Some physicians provide a questionnaire that outlines the activities of daily living and recommends how a patient should perform such activities and how much time should be spent at rest. The goals generally are to maintain function, to alleviate pain, to limit the progression of deformities, to prevent complications, and to treat associated and secondary disease states. In patients with degenerative arthritis—most often the elderly, who are at risk for other organ failures—arthritides associated with systemic diseases and other organ involvements may require care.

Medication is used for symptom control. Nonsteroidal anti-inflammatory drugs (NSAIDs), such as aspirin and ibuprofen, are often used to ease pain and reduce swelling.

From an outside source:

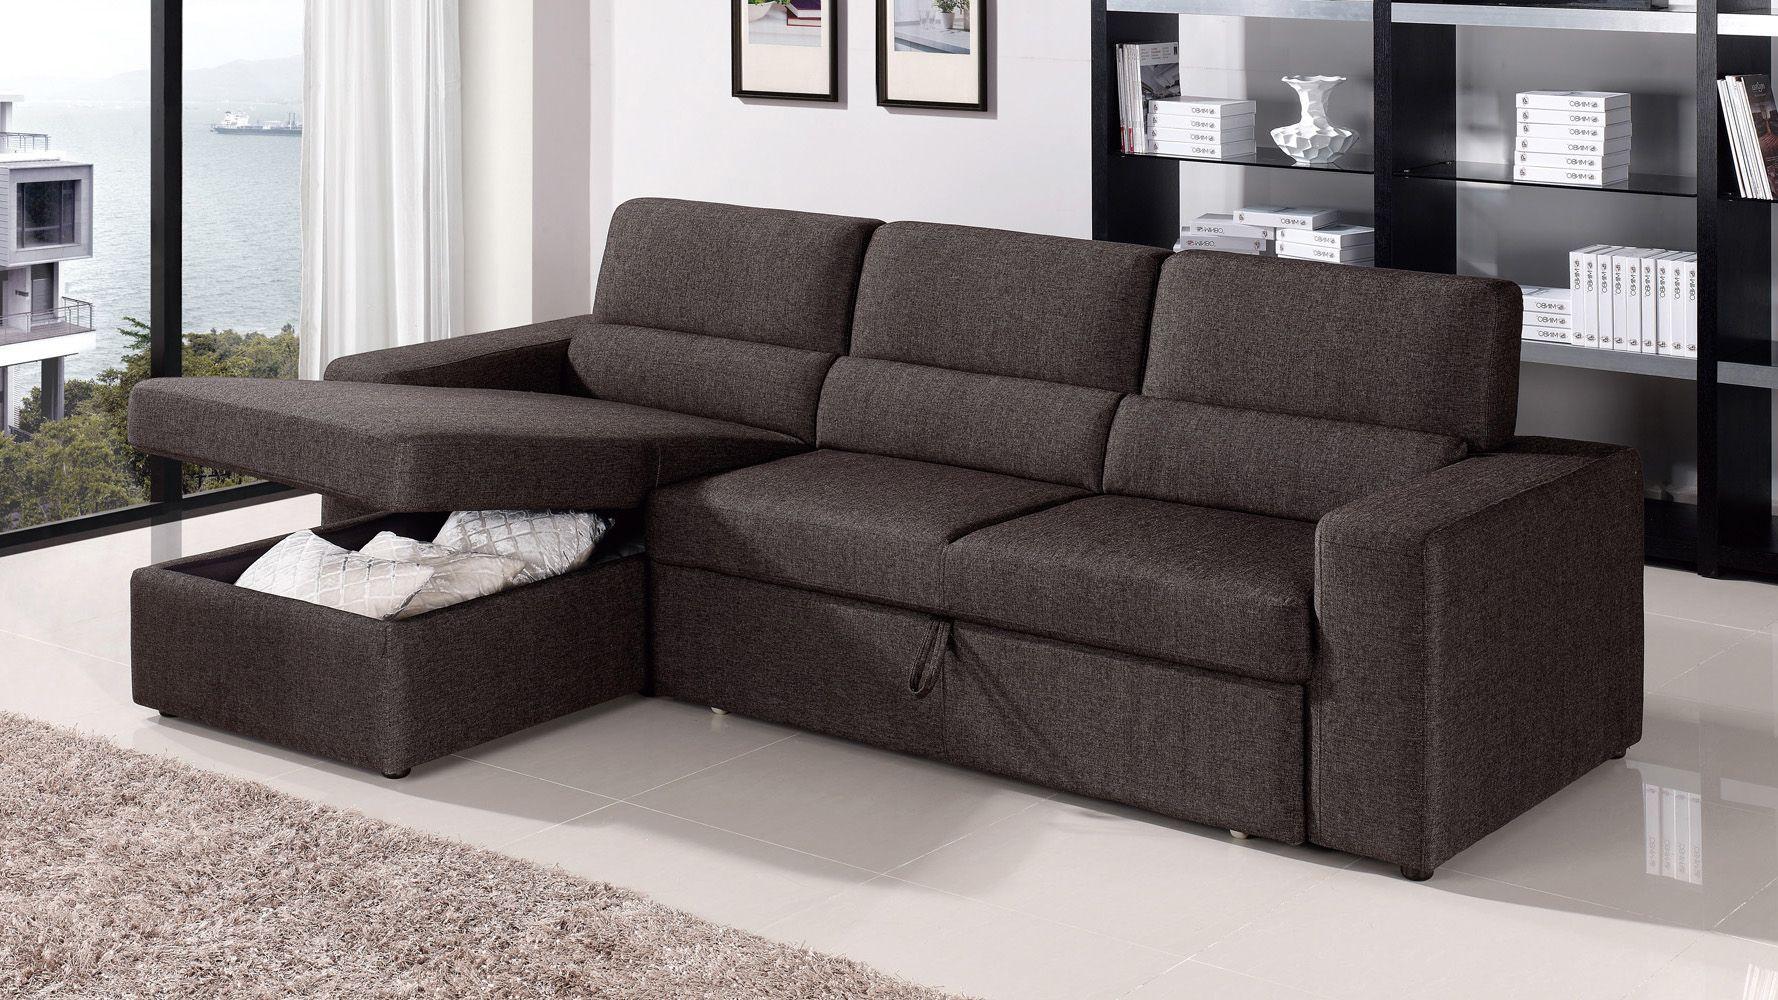 Types Of Sleeper Sofa Http Tmidb Pinterest Sofas Small Living And Es

Short-term use of oral corticosteroids may also be prescribed to reduce joint tenderness and pain. Topical capsaicin cream also reduces discomfort. Disease-modifying antirheumatic drug (DMARDs), such as abatacept and tocilizumab, are recommended as the first-line therapy for rheumatoid arthritis. Cyclooxygenase 2 (COX-2) inhibitors may also be used in the medical management of osteoarthritis.

Other therapies can include assistive devices, counseling patients and their families regarding home management, heat therapy, range-of-motion and strengthening exercises, and biofeedback. The aim is to reduce the need for and frequency of medical care, through a balance between rest and activity and between effective drug dose and physical modalities. To protect joints and allow function, various braces and assistive devices may be needed. Posture training may alleviate postural muscle fatigue. In acute stages of inflammation, the treatment choices are rest, ice, compression, and proper positioning and medicinals for pain and inflammation.

Physicians may offer physical therapy, occupational therapy, assistive devices for self-care, ambulation, or home and automobile modifications. Assistive devices may include reachers, an elongated shoehorn handle, thickened handles for utensils, walkers, canes, crutches, and wheelchairs. Homes may require ramps for easier access, widened doors to allow wheelchair passage, grab bars in bathtubs, or raised toilet seats for easier transference from a wheelchair.

Heat therapy may reduce the pain, loosening tightened tissues. Patients frequently will be stiffer after protracted rest periods (for example, on waking) and feel better after some activity and exercise. Heated pools offer an excellent heating and exercise modality. The type of heat modality used will depend upon the depth of heating desired. Hot packs and infrared lamps will heat predominantly the skin surface areas and some underlying muscles. Diathermy units heat the muscular layers, and ultrasound treatments heat the deepest bony layers. Ultrasound (but not diathermy) can even be used in patients who have metallic implants such as joint replacements.

Perspective and Prospects

Historically, arthritis was treated with warm baths or sands. Some experimental treatments presently being tried include transcutaneous electrical nerve stimulation (TENS) to bring about reductions in intra-articular pressures and in the fluid and cellular content in joints. Exercises continue to maintain and improve strength, dexterity, the range of motion, and endurance. Good health habits—including adequate rest, good nutrition, nutritional supplements, and weight management—can be beneficial.